John Ker (1789–1850) was an American surgeon, planter, and politician in Louisiana. Together with several major Mississippi planters, in the 1830s Ker co-founded the Mississippi Colonization Society (MCS), promoting the removal of free people of color to a colony in West Africa (which later became part of Liberia). The MCS modeled itself after the American Colonization Society, the national organization for which Ker later served as a vice president.
Born in North Carolina, where his father was the first president of the new state university, Ker moved with his family as a youth to Mississippi after 1817, when his father was appointed to the state supreme court. He went to medical school in Philadelphia, Pennsylvania and returned to the South. A surgeon in the War of 1812 and Creek War, Ker was also a slaveowner and owned a cotton plantation in Louisiana. As a planter, he likewise served in the Louisiana state house.
In the 1830s, Ker was elected and served in the Louisiana State Senate.[2] That same decade, together with major slave owners Isaac Ross (1760–1838), Edward McGehee (1786–1880), Stephen Duncan (1787–1867), and educator Chamberlain, all from Mississippi, he co-founded the Mississippi Colonization Society (MCS).

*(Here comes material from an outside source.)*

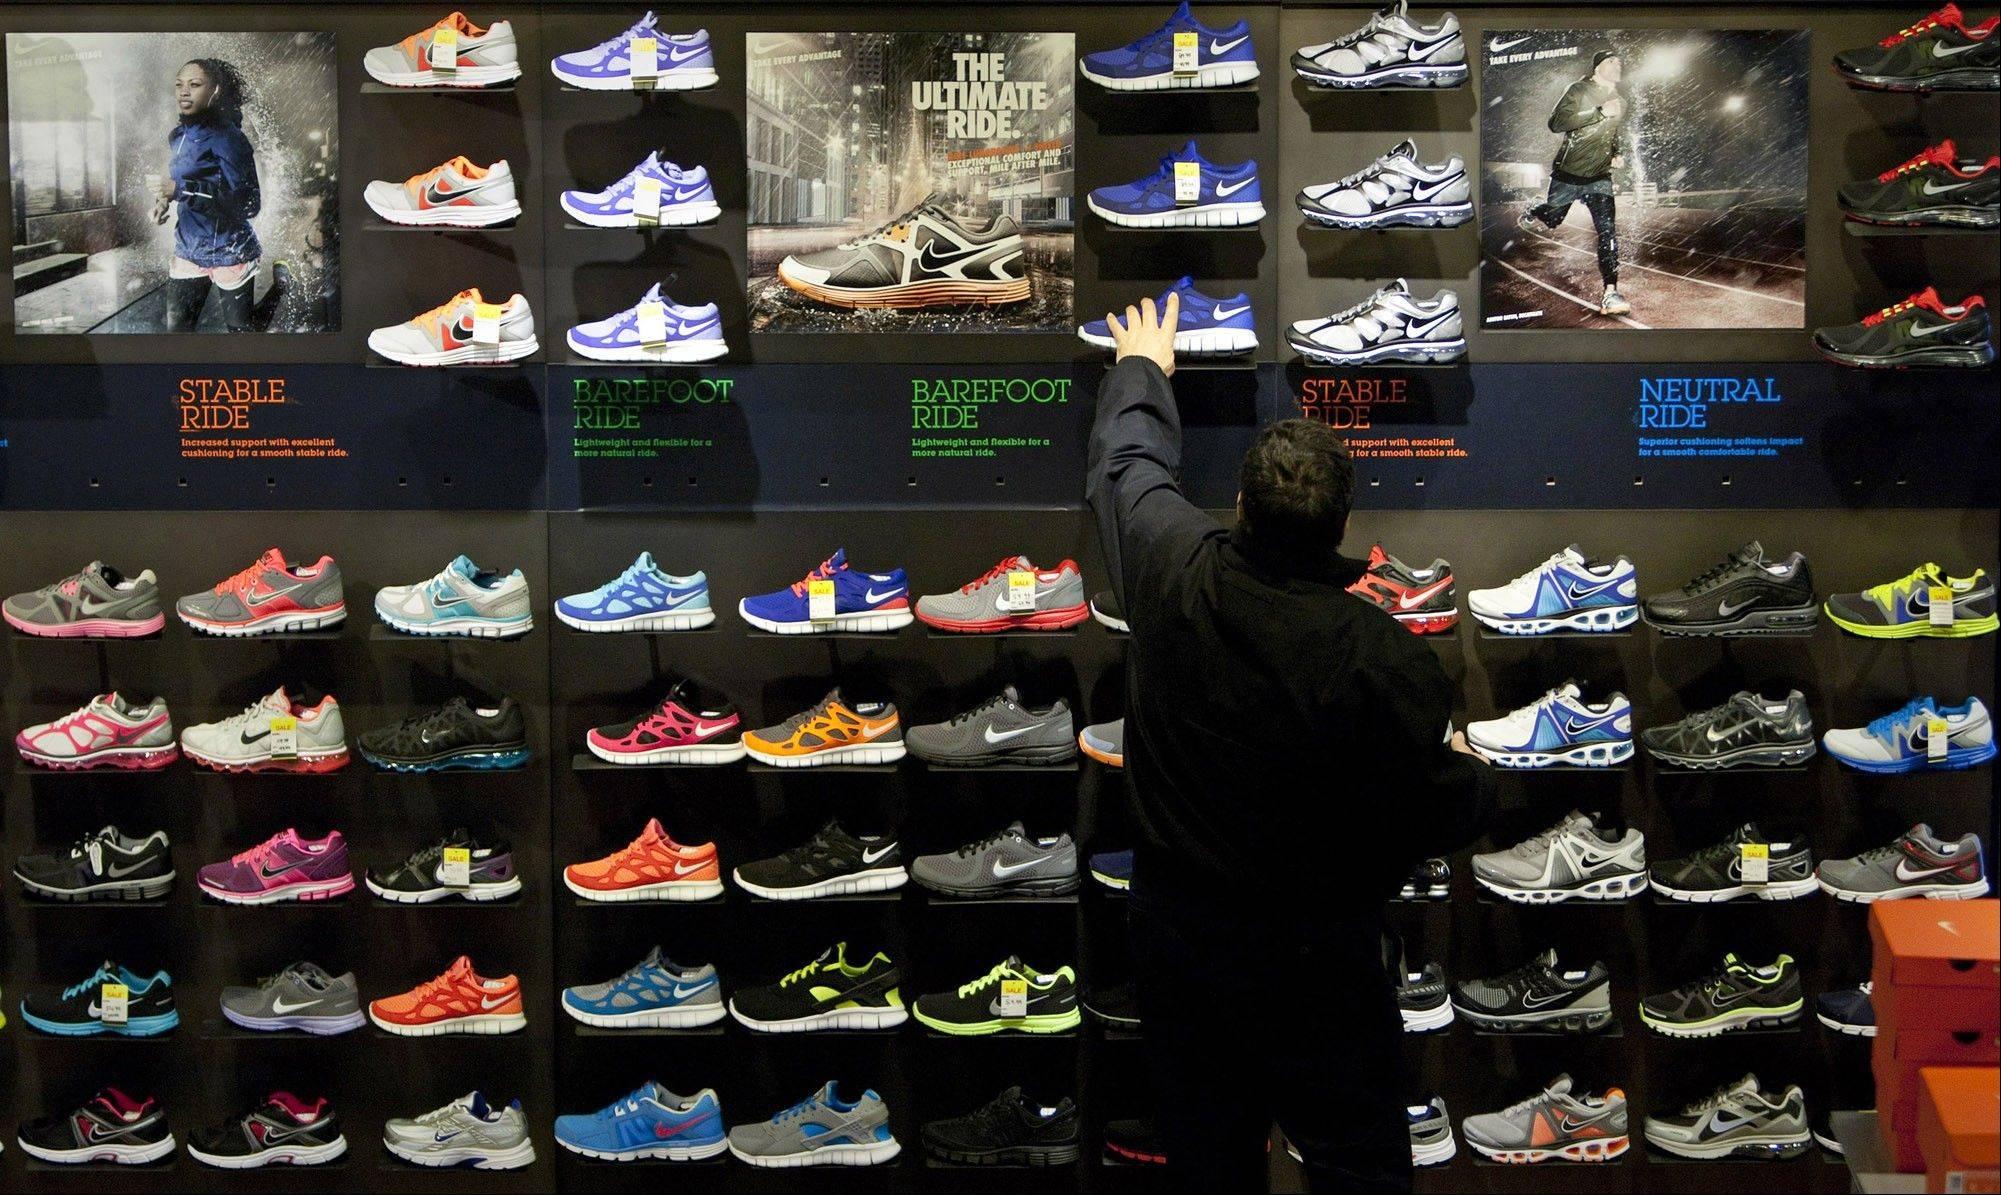 modells nike shoes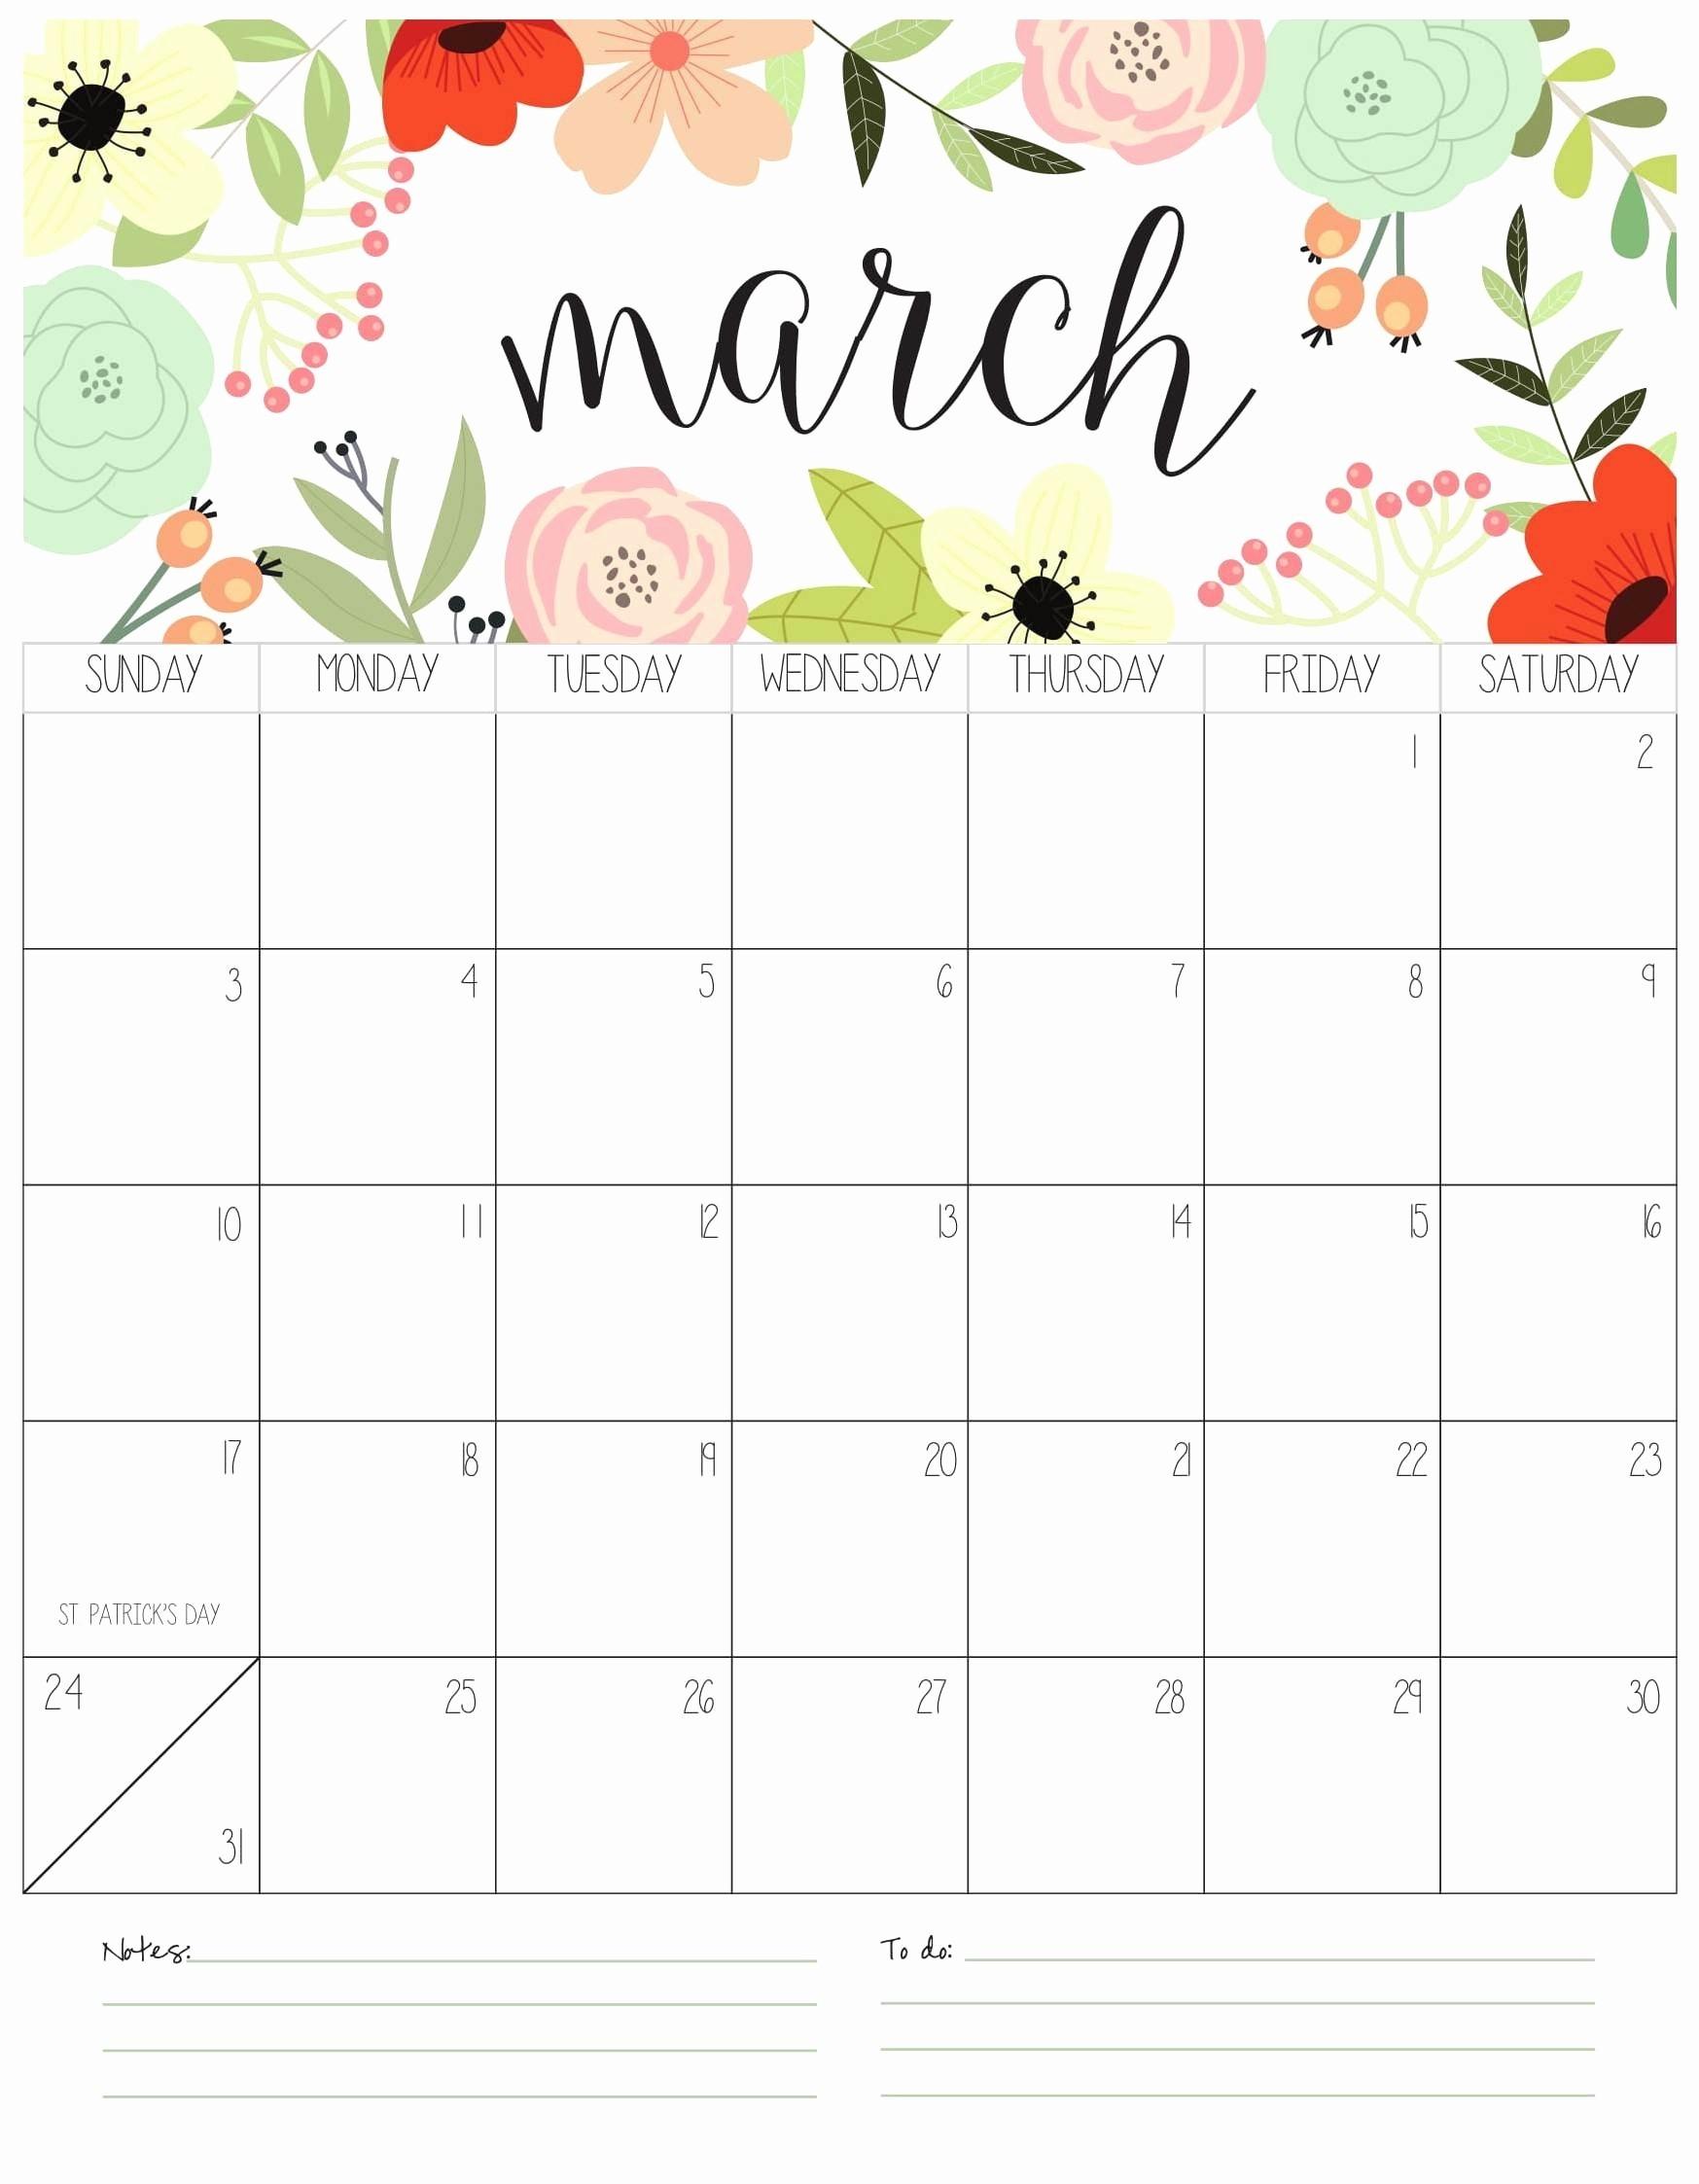 National Food Day July 2019 Calendar Printable | Calendar-Calander Of Monthly Food Days

Its goal was to send free people of color to a colony run by the society called Mississippi-in-Africa in order to remove them from the southern slave society. Ker served as a vice-president of the society.[2][7][8][9] The organization was modeled after the American Colonization Society and focused on free people of color in Mississippi and later Louisiana, both of which had large enslaved populations but vastly different free populations of color.[8][9] The Mississippi-in-Africa colony ultimately merged into the Commonwealth of Liberia in 1841.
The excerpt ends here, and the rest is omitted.